Cold cloud may contain unseen solar dust

New astronomical findings show far less dust surrounding the sun than around similar stars, leading to speculation that the sun's "missing" dust actually lies in an unseen cloud encircling the solar system.

At the Jet Propulsion Laboratory in Pasadena, Calif., H.H. Aumann studied 36 of the nearest stars resembling the sun in color and temperature. As reported in the October ASTRONOMICAL JOURNAL, he found they typically emit 500 times more far-infrared radiation than our star apparently does. Aumann used data from the international Infrared Astronomy Satellite (IRAS), the only orbiting spacecraft that has recorded far-infrared emissions from space. Invisible energy that travels in waves less than a millimeter apart, far-infrared radiation usually arises from star-heated dust.

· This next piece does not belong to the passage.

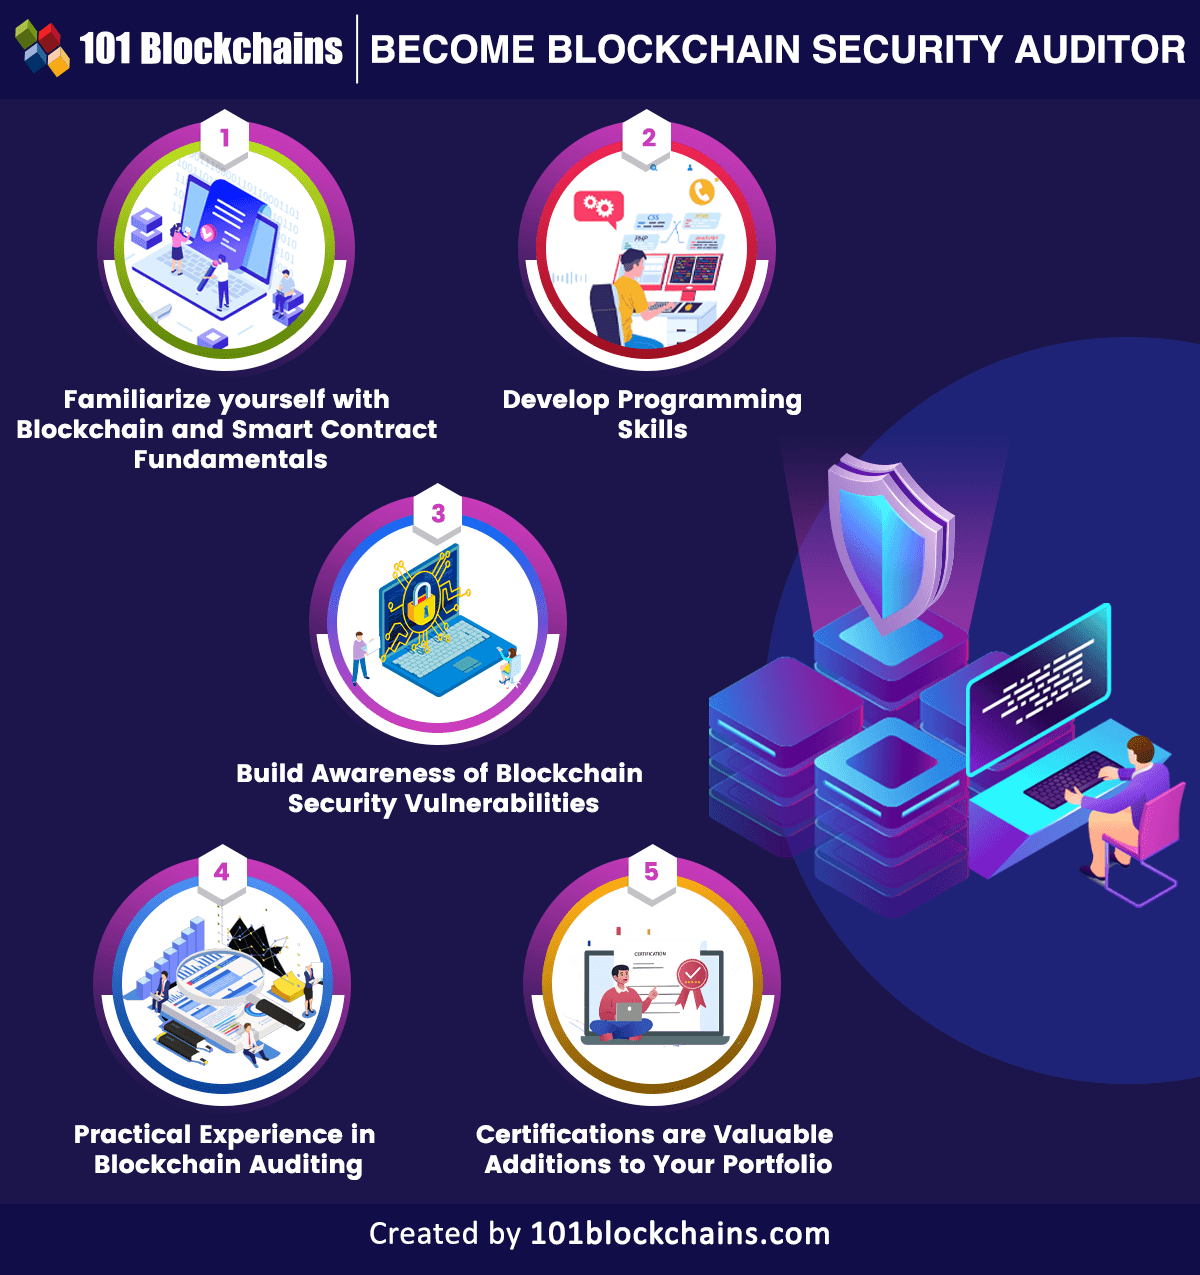 Become Blockchain Security Auditor

Sun-warmed dust beyond the outer planets theoretically could produce the "missing" energy, says T.N. Gautier of California Institute of Technology in Pasadena. That dust might exist within a cloud of comet nuclei that Dutch astronomer Jan H. Oort in 1950 predicted circles the sun at a distance at least 750 times farther than Pluto. Aumann says IRAS data might manifest Oort clouds around the sun's stellar peers without necessarily revealing one around the sun, because distant sources emit highly focused radiation, while a closer cloud would yield a diffuse signal.

Warmer dust in the solar system also obscures emissions from colder particles beyond the outer planets. Using the IRAS data, Aumann now is "trying to isolate the signal from the hotter stuff in the foreground so we can separate it out to see colder dust beyond."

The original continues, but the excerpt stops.